A Survey of Systemic Risk Analytics

A Survey of Systemic Risk Analytics

October 2012 | Dimitrios Bisias, Mark Flood, Andrew W. Lo, and Stavros Valavanis
This paper provides a comprehensive survey of 31 quantitative measures of systemic risk, covering key themes and issues in the field. The authors motivate these measures from supervisory, research, and data perspectives, and present concise definitions, including required inputs, expected outputs, and data requirements. To encourage experimentation and innovation, the paper includes open-source Matlab code for most of the analytics surveyed. The measures are categorized into macroeconomic, granular foundations and network, forward-looking risk, stress tests, cross-sectional, and measures of illiquidity and insolvency. The paper also discusses the challenges and limitations of systemic risk measurement, emphasizing the need for a robust framework that incorporates diverse perspectives and continuous re-evaluation. The authors argue that accurate and timely measurement of systemic risk is crucial for financial stability, and that a single consensus measure may not be sufficient due to the complex and adaptive nature of the financial system. The paper concludes by highlighting the importance of ongoing research and the need for practical implementation to translate economic concepts into actionable measures.This paper provides a comprehensive survey of 31 quantitative measures of systemic risk, covering key themes and issues in the field. The authors motivate these measures from supervisory, research, and data perspectives, and present concise definitions, including required inputs, expected outputs, and data requirements.

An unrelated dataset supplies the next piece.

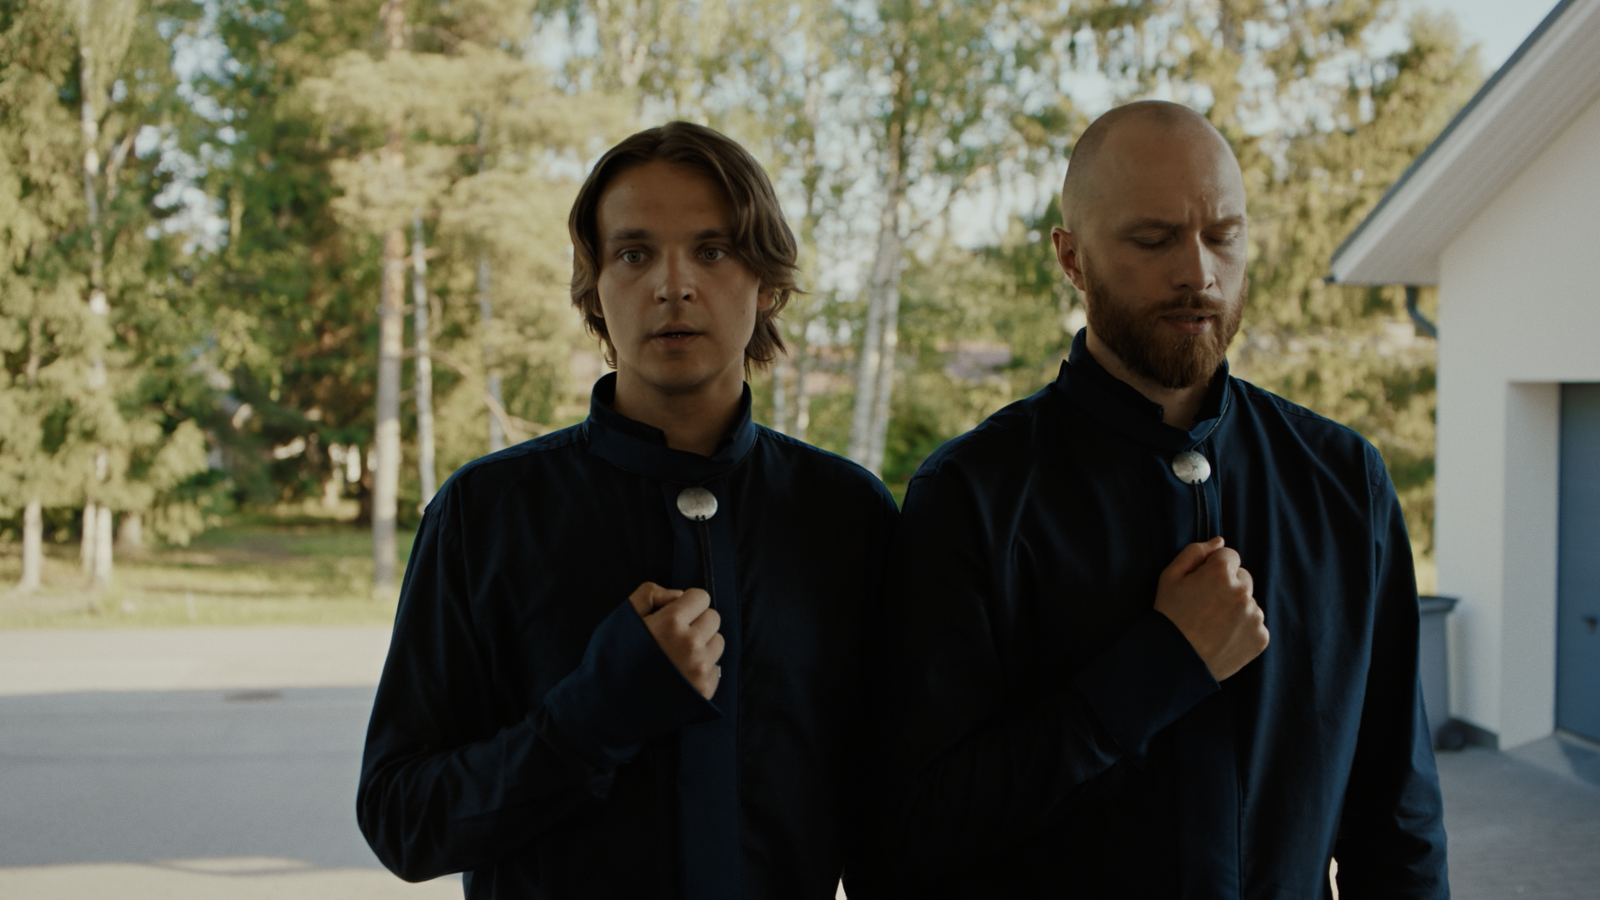 Kuvassa ovat Roope Salminen ja Eino Heiskanen seisomassa pihalla, jonka taustalla näkyy vihreitä lehtipuita.

To encourage experimentation and innovation, the paper includes open-source Matlab code for most of the analytics surveyed. The measures are categorized into macroeconomic, granular foundations and network, forward-looking risk, stress tests, cross-sectional, and measures of illiquidity and insolvency. The paper also discusses the challenges and limitations of systemic risk measurement, emphasizing the need for a robust framework that incorporates diverse perspectives and continuous re-evaluation. The authors argue that accurate and timely measurement of systemic risk is crucial for financial stability, and that a single consensus measure may not be sufficient due to the complex and adaptive nature of the financial system. The paper concludes by highlighting the importance of ongoing research and the need for practical implementation to translate economic concepts into actionable measures.